**TASK**
Using the records below, write out only the lines from the line containing "Closure: Button" up to and including the line containing "Sketch of recently", exactly, with no pictures.

**PROVIDED MATERIAL**
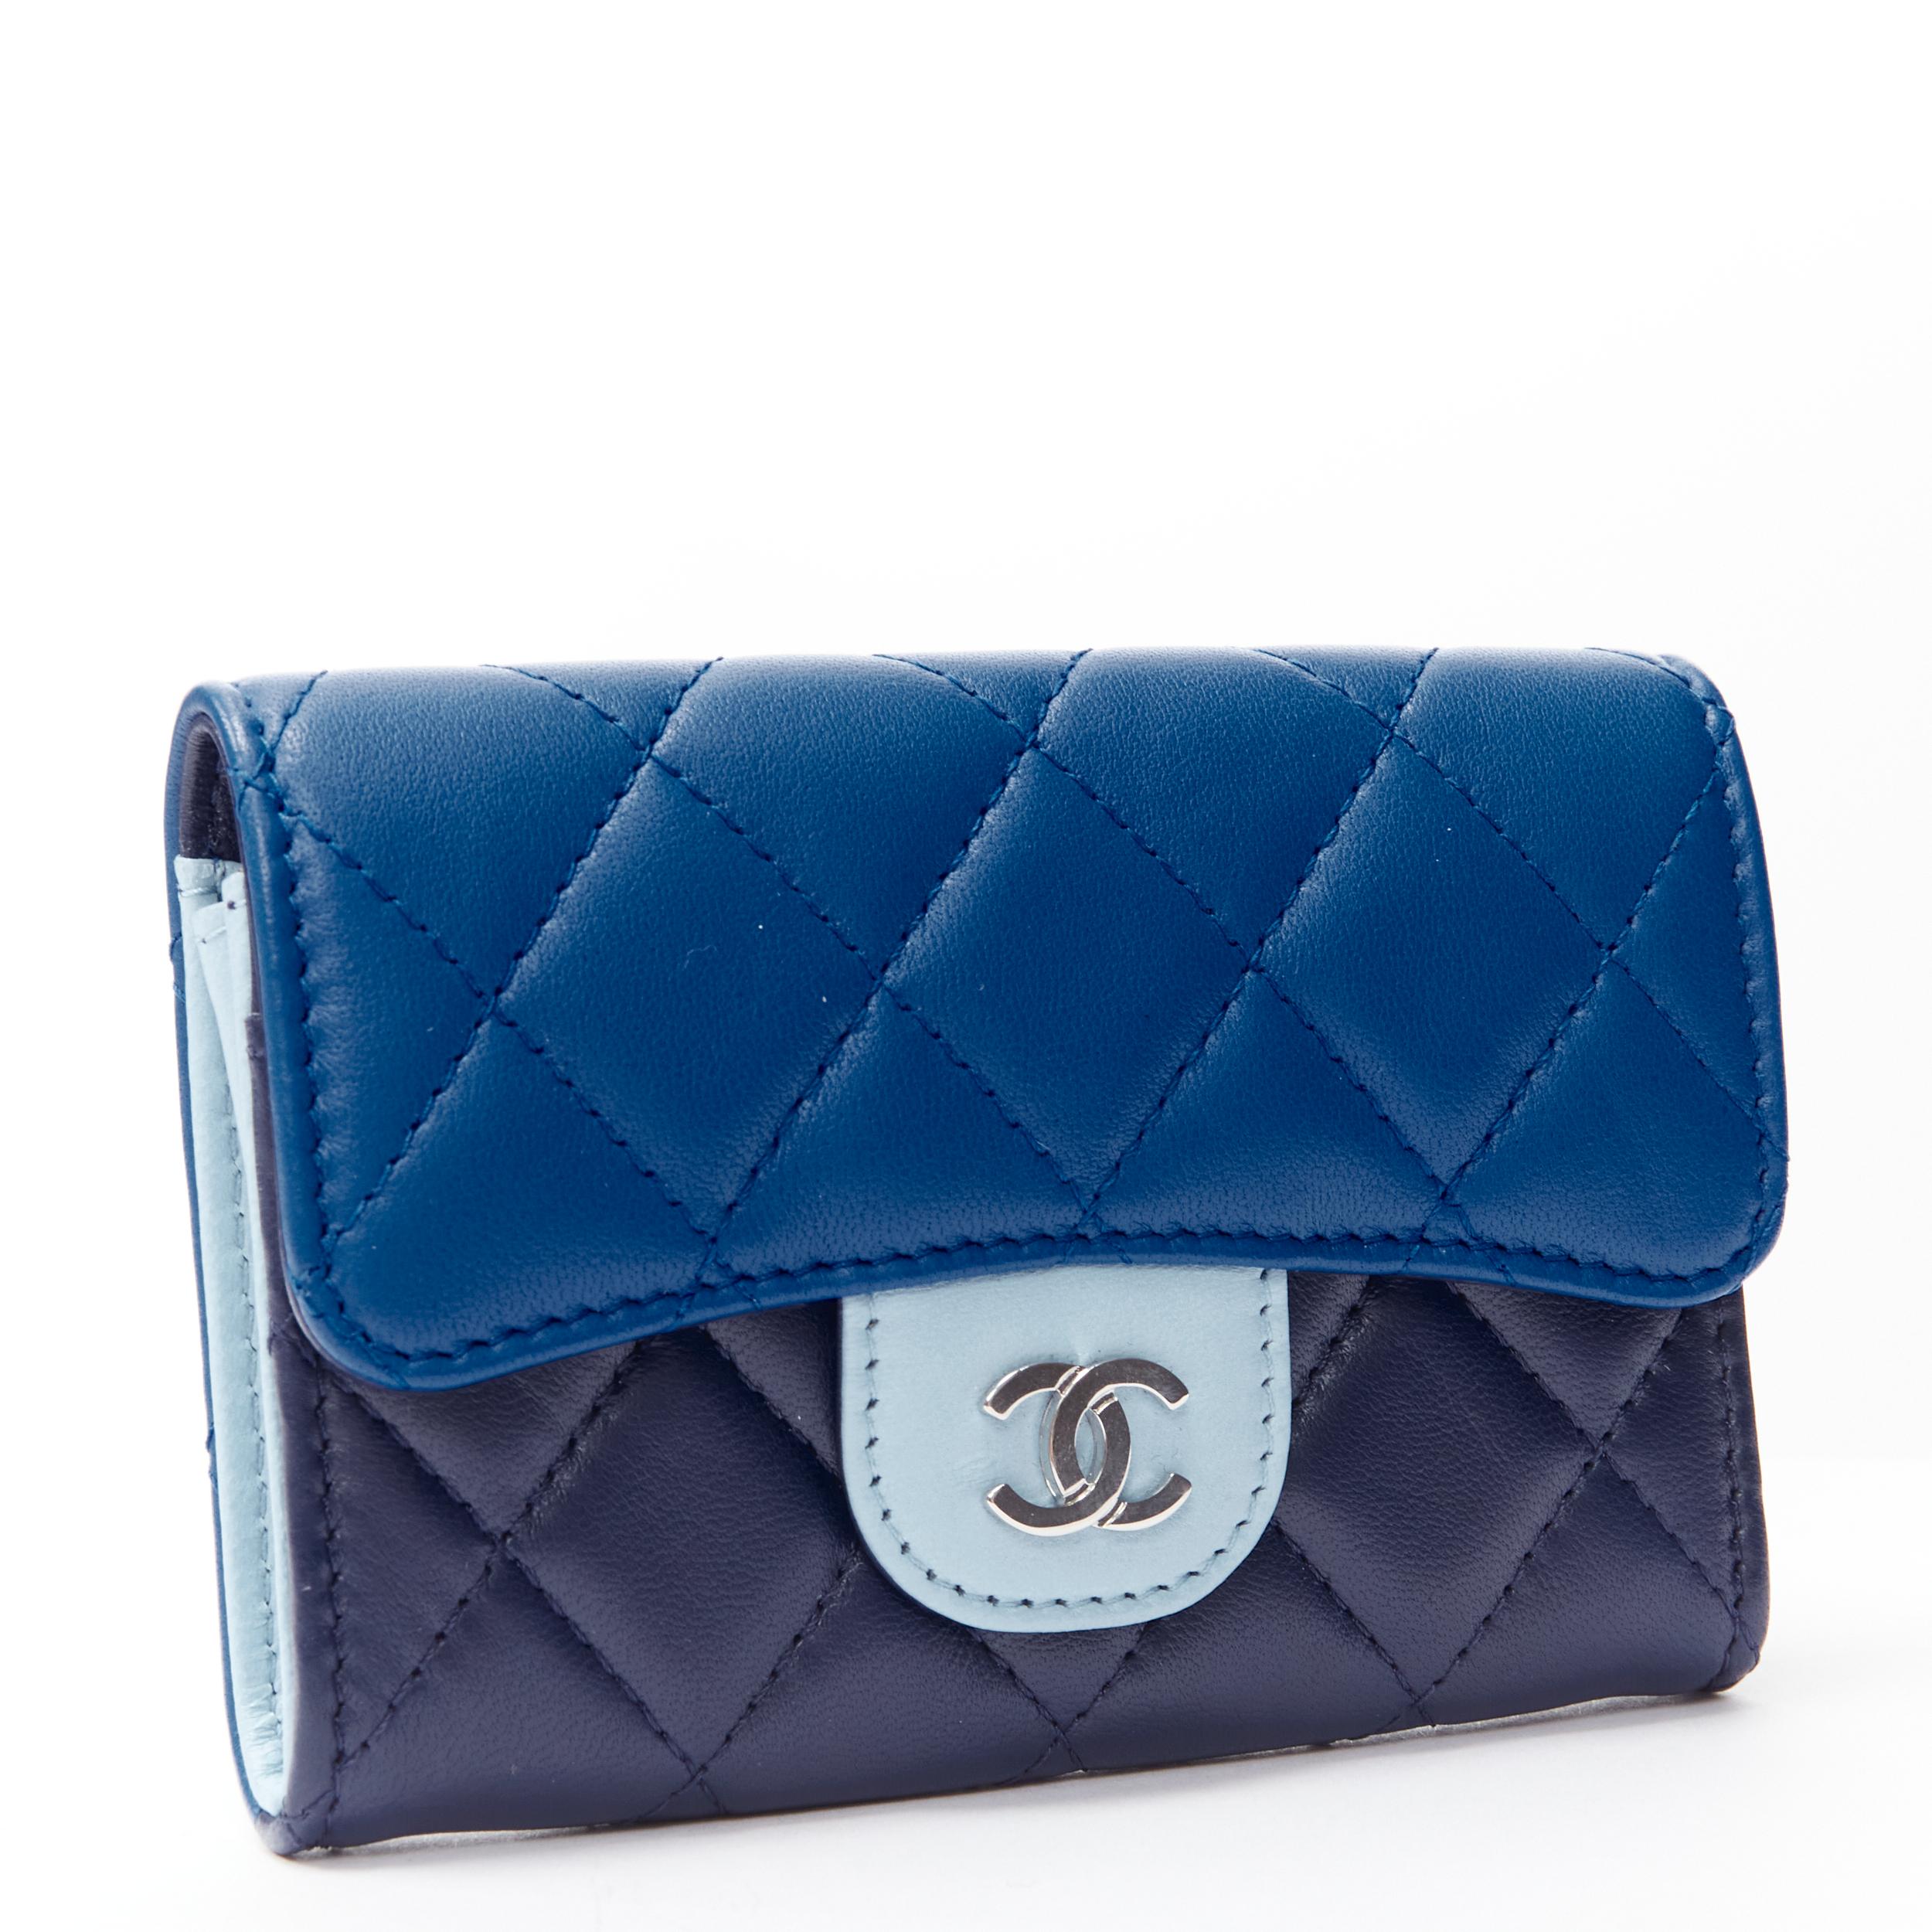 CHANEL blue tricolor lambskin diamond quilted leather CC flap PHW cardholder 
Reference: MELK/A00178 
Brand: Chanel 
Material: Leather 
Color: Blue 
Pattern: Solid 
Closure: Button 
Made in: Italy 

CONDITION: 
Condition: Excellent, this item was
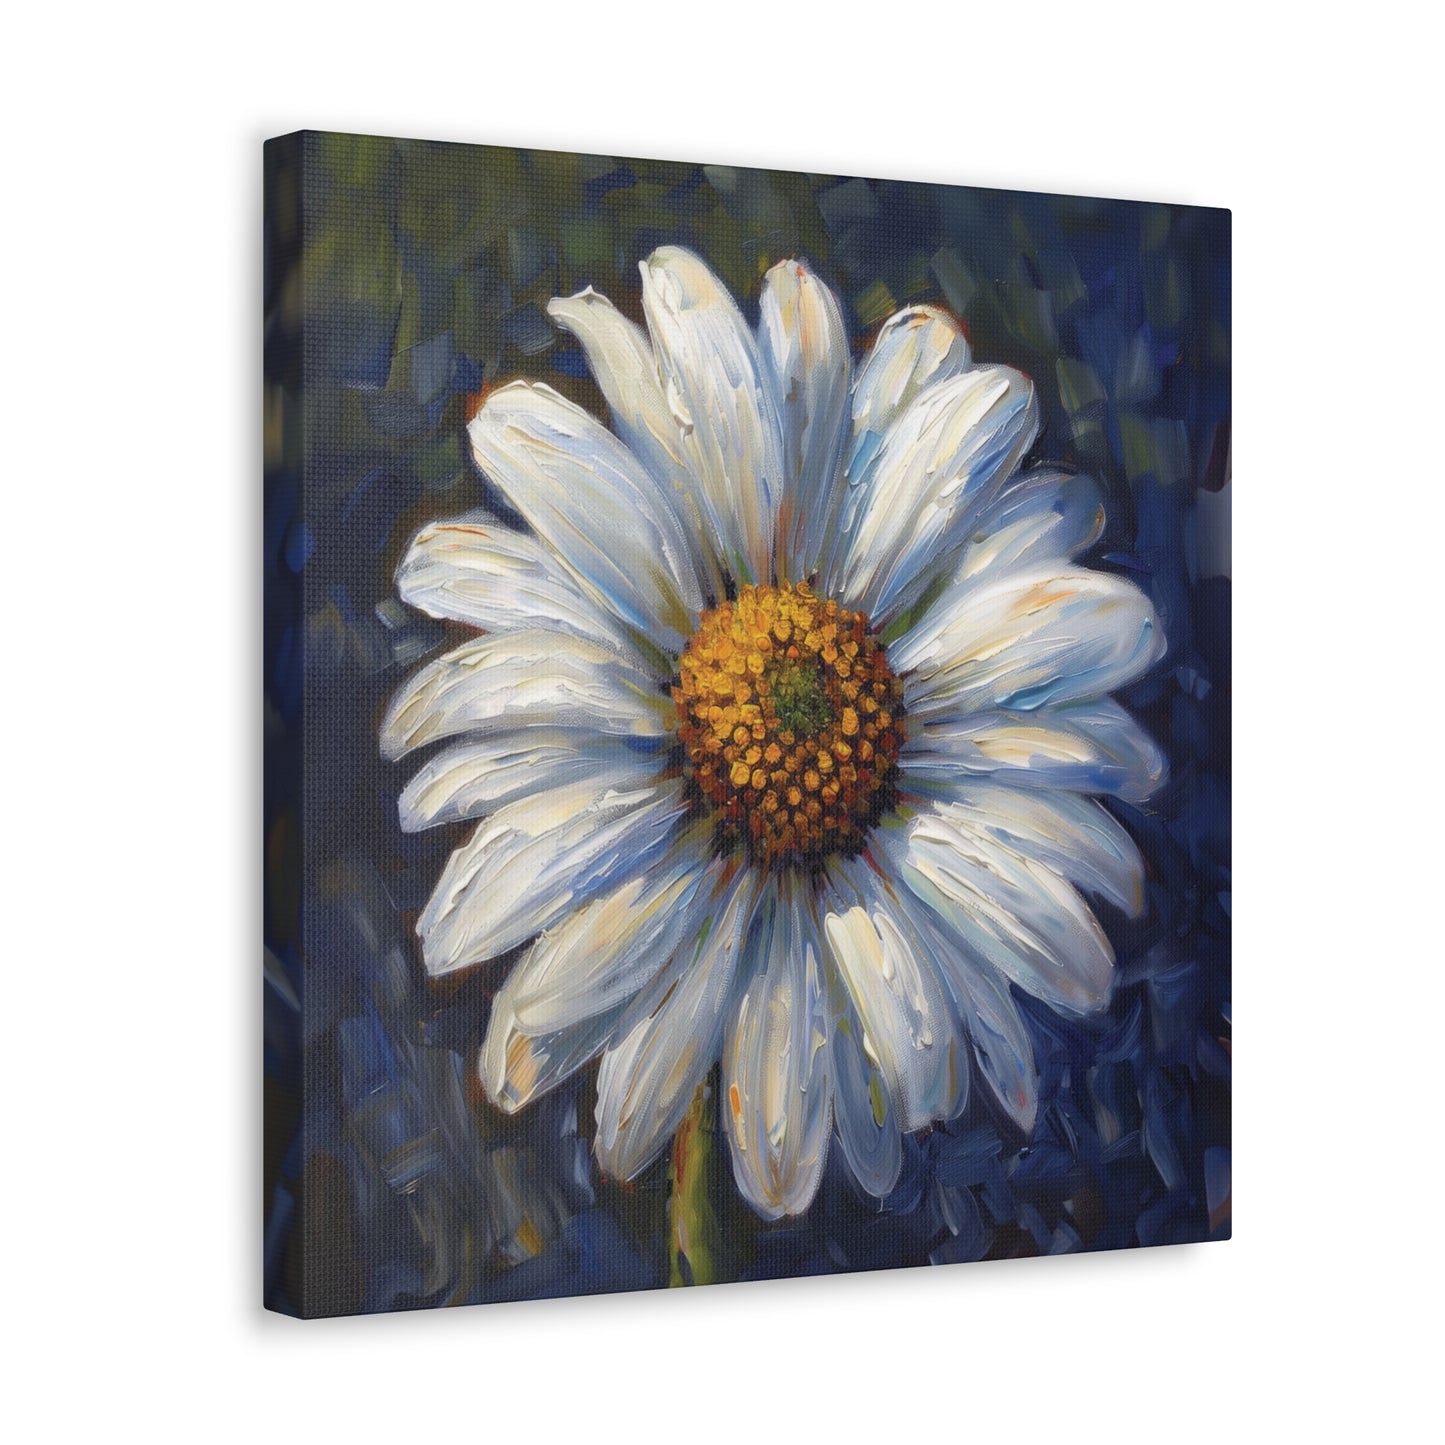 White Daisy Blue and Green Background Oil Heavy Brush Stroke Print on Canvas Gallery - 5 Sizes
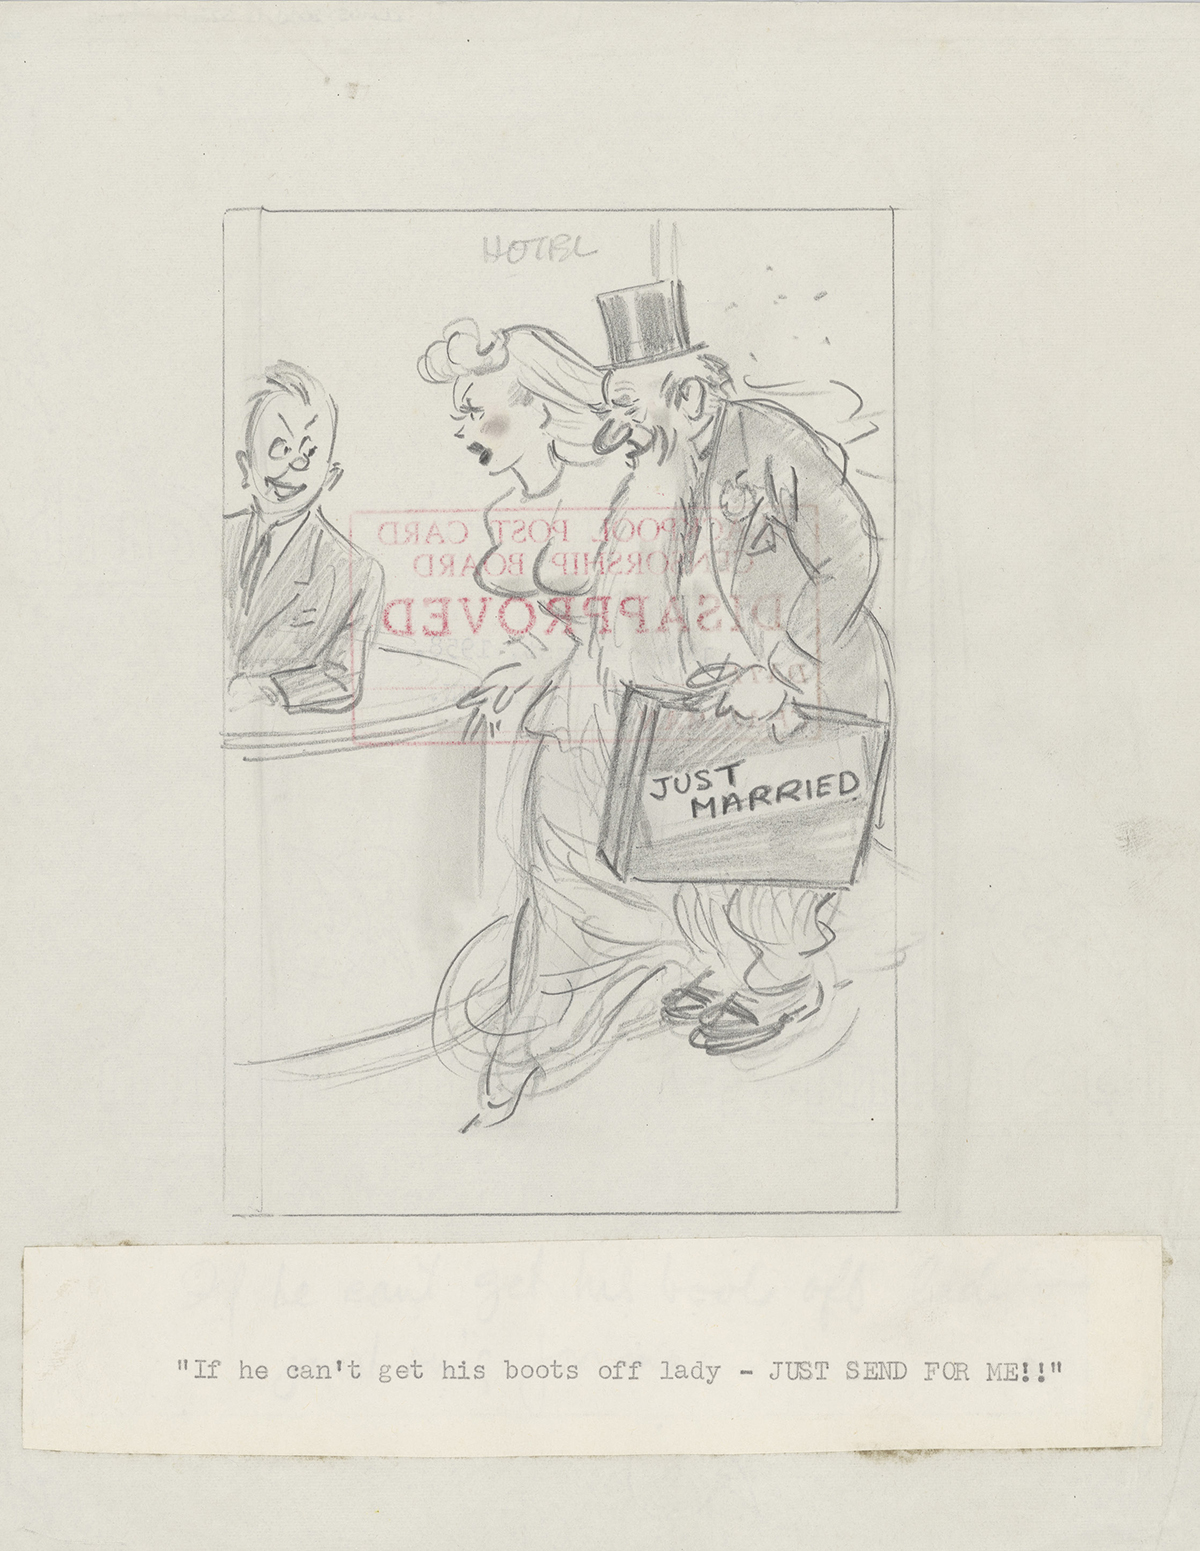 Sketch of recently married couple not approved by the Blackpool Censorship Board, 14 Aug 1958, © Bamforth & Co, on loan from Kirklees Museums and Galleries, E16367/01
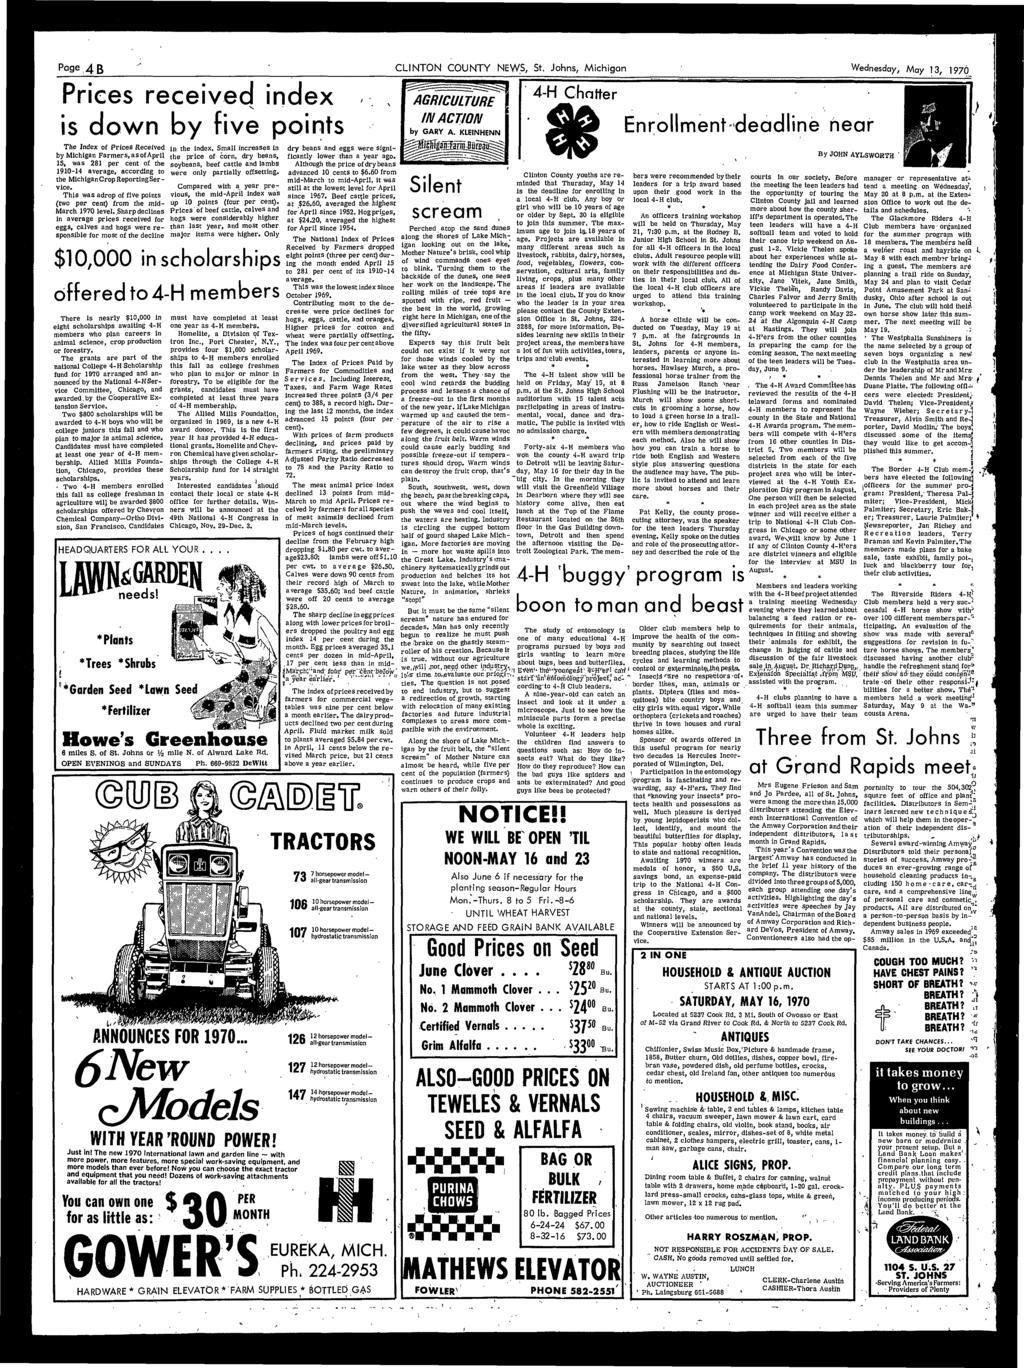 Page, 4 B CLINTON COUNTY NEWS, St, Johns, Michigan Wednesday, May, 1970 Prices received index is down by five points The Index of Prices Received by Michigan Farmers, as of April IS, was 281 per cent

**WRITTEN RESPONSE**
Closure: Button 
Made in: Italy 

CONDITION: 
Condition: Excellent, this item was
 White Daisy Blue and Green Background Oil Heavy Brush Stroke Print on Canvas Gallery - 5 Sizes
 Sketch of recently married couple not approved by the Blackpool Censorship Board, 14 Aug 1958, © Bamforth & Co, on loan from Kirklees Museums and Galleries, E16367/01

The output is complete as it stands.